There are five types of blocks that a journal could have, the first four are administrative and are known as: Superblock, Descriptor, Commit and Revoke blocks. The fifth type is the one that stores the metadata or data that is recorded in the journal depending on the journal operation mode. Each administrative block type holds information related to its type, but all four administrative blocks share the same format on the first 12 bytes. The fifth type can be either metadata blocks that holds copies of the inodes being modified in the file system, if the journal is using ordered/write back modes and content blocks if the journal is in journaled mode.
A transaction typically begins with a descriptor block (block type 1), which has: (a) the common journal header including h_sequence (transaction ID); (b) an array of block tags listing the target on-disk block numbers (final locations) for each subsequent data block, plus flags/checksums/etc. Immediately after the descriptor come the actual metadata/data blocks (verbatim copies of the filesystem blocks being updated, as listed in the descriptor tags). The transaction ends with a commit block (block type 2), which also carries the same h_sequence value. This commit block acts as the "atomic seal" — its presence (and valid checksum) means the entire transaction is durable and can be replayed during recovery. The journal is a continuous circular log: after one transaction's commit block, the next transaction's descriptor block (or revocation block) follows immediately.

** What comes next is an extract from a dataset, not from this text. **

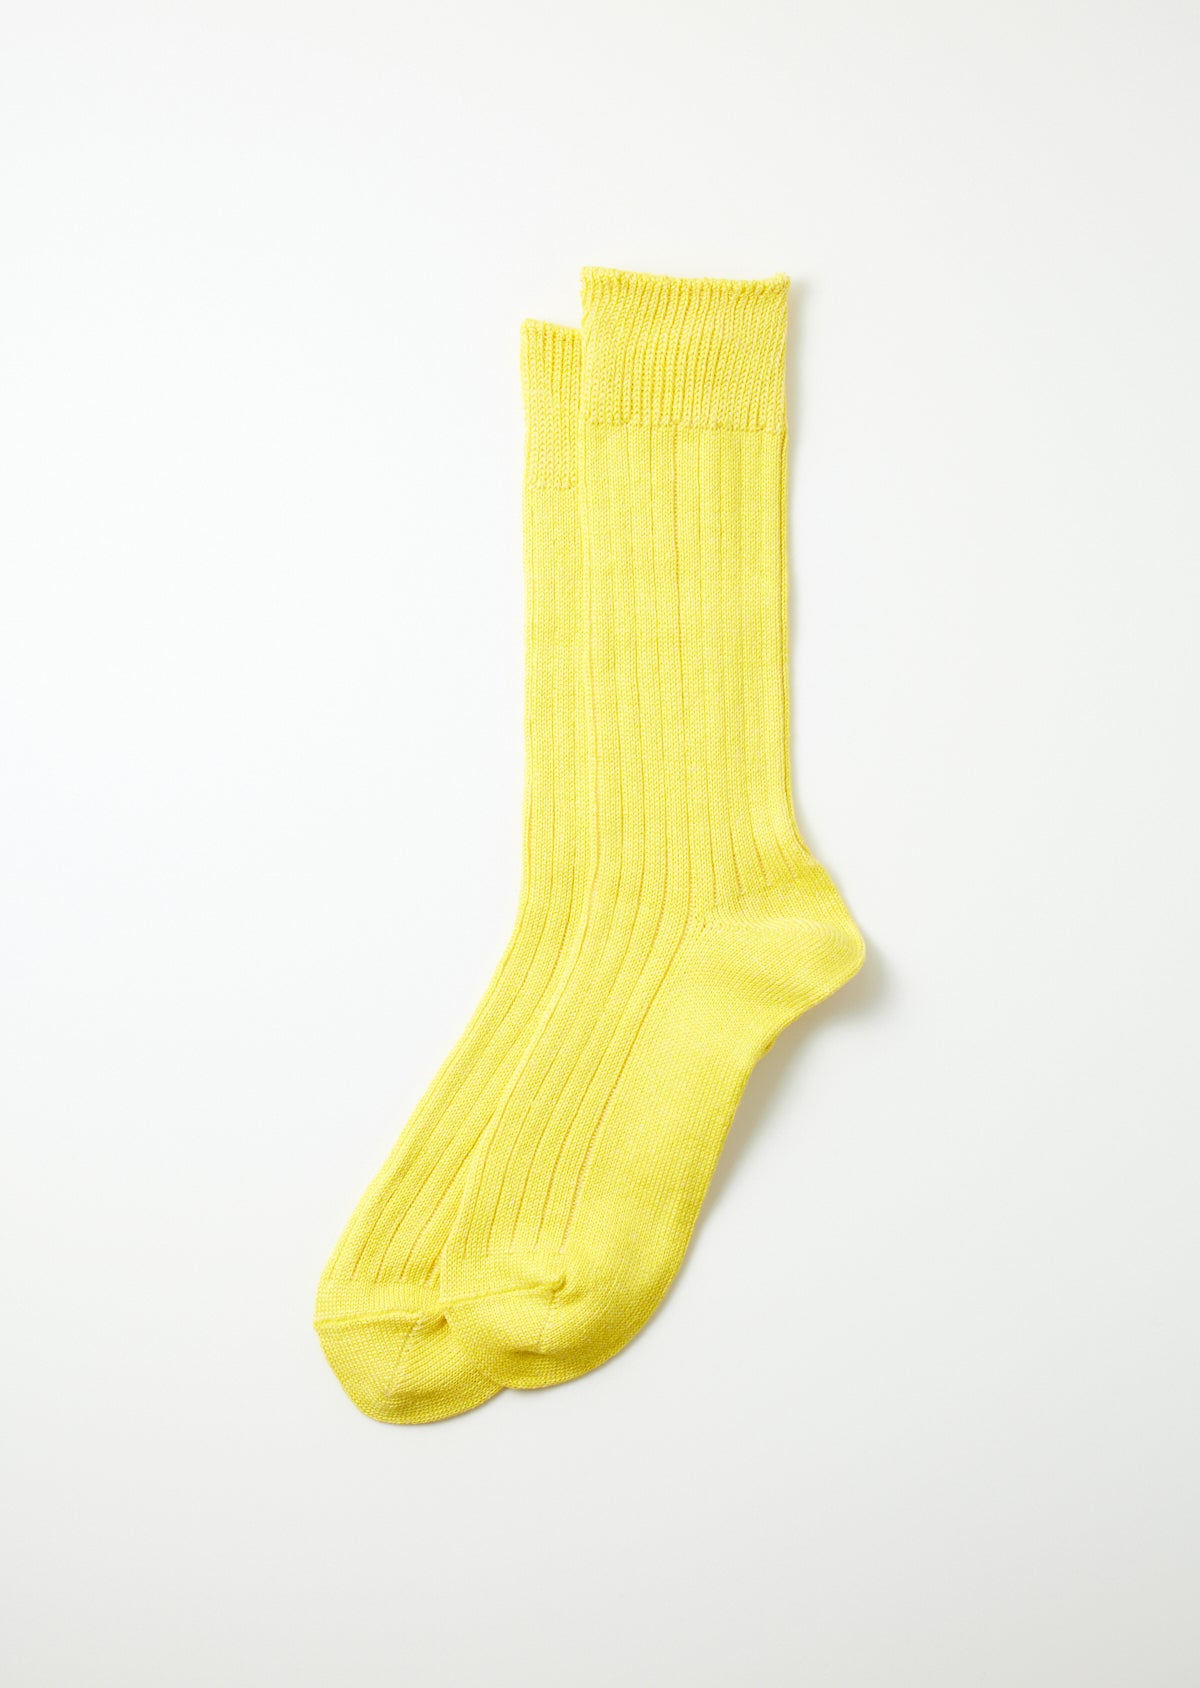 Leinen Baumwolle Socken - lemon

Multiple transactions are chained in sequence.
![]() |
| Figure 1: Ext4 Journal transaction overview |
The ext4 filesystem (via the JBD2 journaling layer) begins its journal with a superblock that stores essential metadata, including the current transaction sequence number, the starting block of the valid log tail, and pointers to locate active transactions in the circular journal log. Due to the journal's circular nature, new transactions wrap around and overwrite old checkpointed ones, so the first valid descriptor block may appear anywhere after the superblock rather than at the beginning. Each transaction starts with one or more descriptor blocks (containing tags that point to the on-disk locations of modified filesystem blocks), followed by the actual metadata and/or data blocks being journaled, and concludes with a commit block that includes checksums and a timestamp to confirm completion. If a descriptor block fills up during a large transaction, additional descriptor blocks follow, all sharing the same sequence number. Revoke blocks (or revocation records within them) are used during normal operation to list filesystem blocks that should not be replayed from earlier transactions—typically when a block is freed, overwritten, or reallocated—preventing stale data from corrupting the filesystem during recovery; these revokes carry a sequence number, and during replay, a block is skipped if it appears in a revoke record from a transaction with an equal or higher sequence number. On crash or unclean shutdown, recovery scans the journal in multiple passes: first to find the log end, second to collect all revoke records into a table (mapping revoked blocks to transaction IDs), and third to replay only committed transactions (those with a valid commit block and matching checksums) while respecting the revoke table to avoid applying superseded changes. Incomplete transactions—those lacking a commit block or failing checksum validation—are simply discarded and not replayed, ensuring the filesystem returns to a consistent state without creating new revoke blocks during recovery for aborted transactions.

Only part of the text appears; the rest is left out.